Figure 8. Simplified cellulose metabolism pathway. This figure illustrates a part of the cellulose metabolism pathway by the gut microbiota, using EC numbers to identify genes associated with enzymes involved in the process that are significantly changed with either ISF or SF supplementation. Heatmaps demonstrate specific taxa that are associated with each enzyme and may contribute to its activity.

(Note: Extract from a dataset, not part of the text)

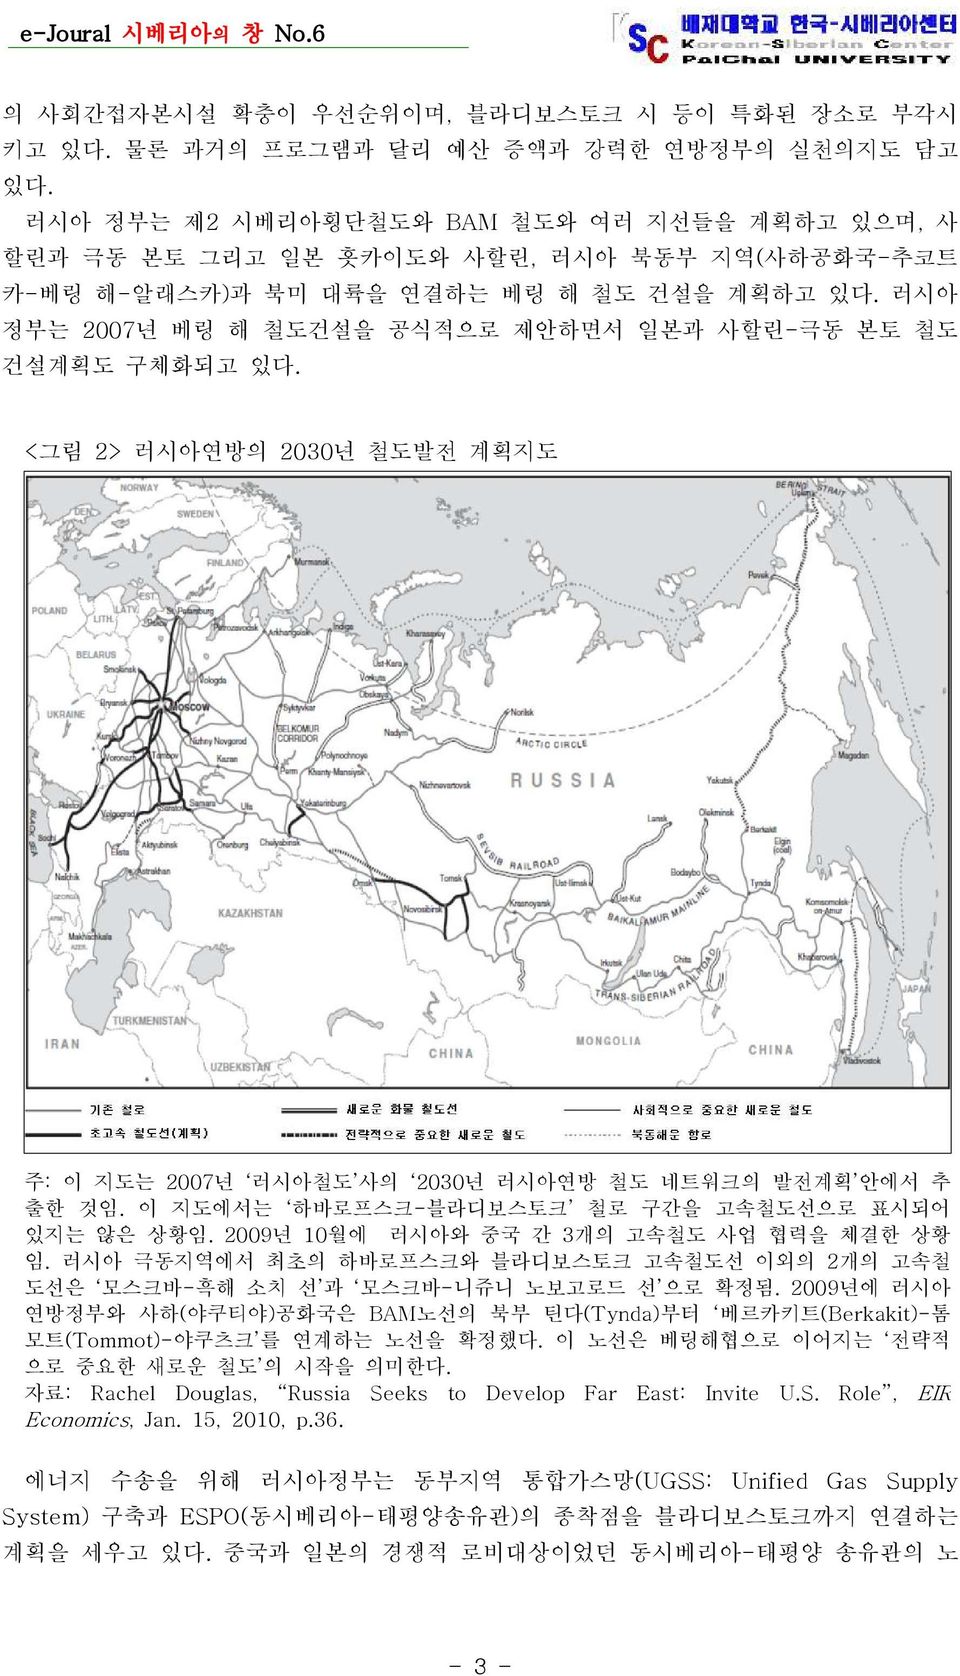 러시아 정부는 2007년 베링 해 철도건설을 공식적으로 제안하면서 일본과 사할린-극동 본토 철도 건설계획도 구체화되고 있다. < 그림 2> 러시아연방의 2030년 철도발전 계획지도 주: 이 지도는 2007 년 러시아철도 사의 2030 년 러시아연방 철도 네트워크의 발전계획 안에서 추 출한 것임.

Lactobacillus delbrueckii is associated with sucrose phosphorylase (EC 2.4.1.7), levansucrase (EC 2.4.1.10), and dextransucrase (EC 2.4.1.5), and has a greater abundance with ISF and SF compared with control. Bifidobacterium appears to be more represented with SF than with control or ISF with sucrose phosphorylase (EC 2.4.1.7). From our relative abundance data shown above, we know that Bifidobacterium has a greater presence with donors 1 and 3, while Lactobacillus delbrueckii has a greater abundance with donor 2 (Figure 5). This indicates that Bifidobacterium and Lactobacillus delbrueckii may have overlapping roles in starch metabolism, and that this functional redundancy is likely what allows for gut microbiota from different donors to ferment the same dietary fibers.
4 Discussion
Continued industrialization and westernization of communities around the world has led to an increase in gut health disorders, including Crohn’s disease and other irritable bowel diseases, as well as related problems such as obesity, diabetes, and autoimmune disorders (43, 44). Many of these changes are thought to be due to the increase in consumption of processed foods with a reduction of whole foods in the diet, especially high-fiber, nutrient-dense vegetables, and whole grains. These dietary changes that have occurred over time have gradually lessened the diversity of the average person’s gut microbial community, a change that continues with each subsequent generation (45). In this study, we used by-products of rice processing in the form of rice bran fractionated into soluble and insoluble parts, largely fibers, to find how these supplements can shape the gut microbiota over time. We used the SHIME® platform to determine how the same starting inoculum from 3 donors responded to growth media supplemented with either fraction of the rice bran fiber compared with the control.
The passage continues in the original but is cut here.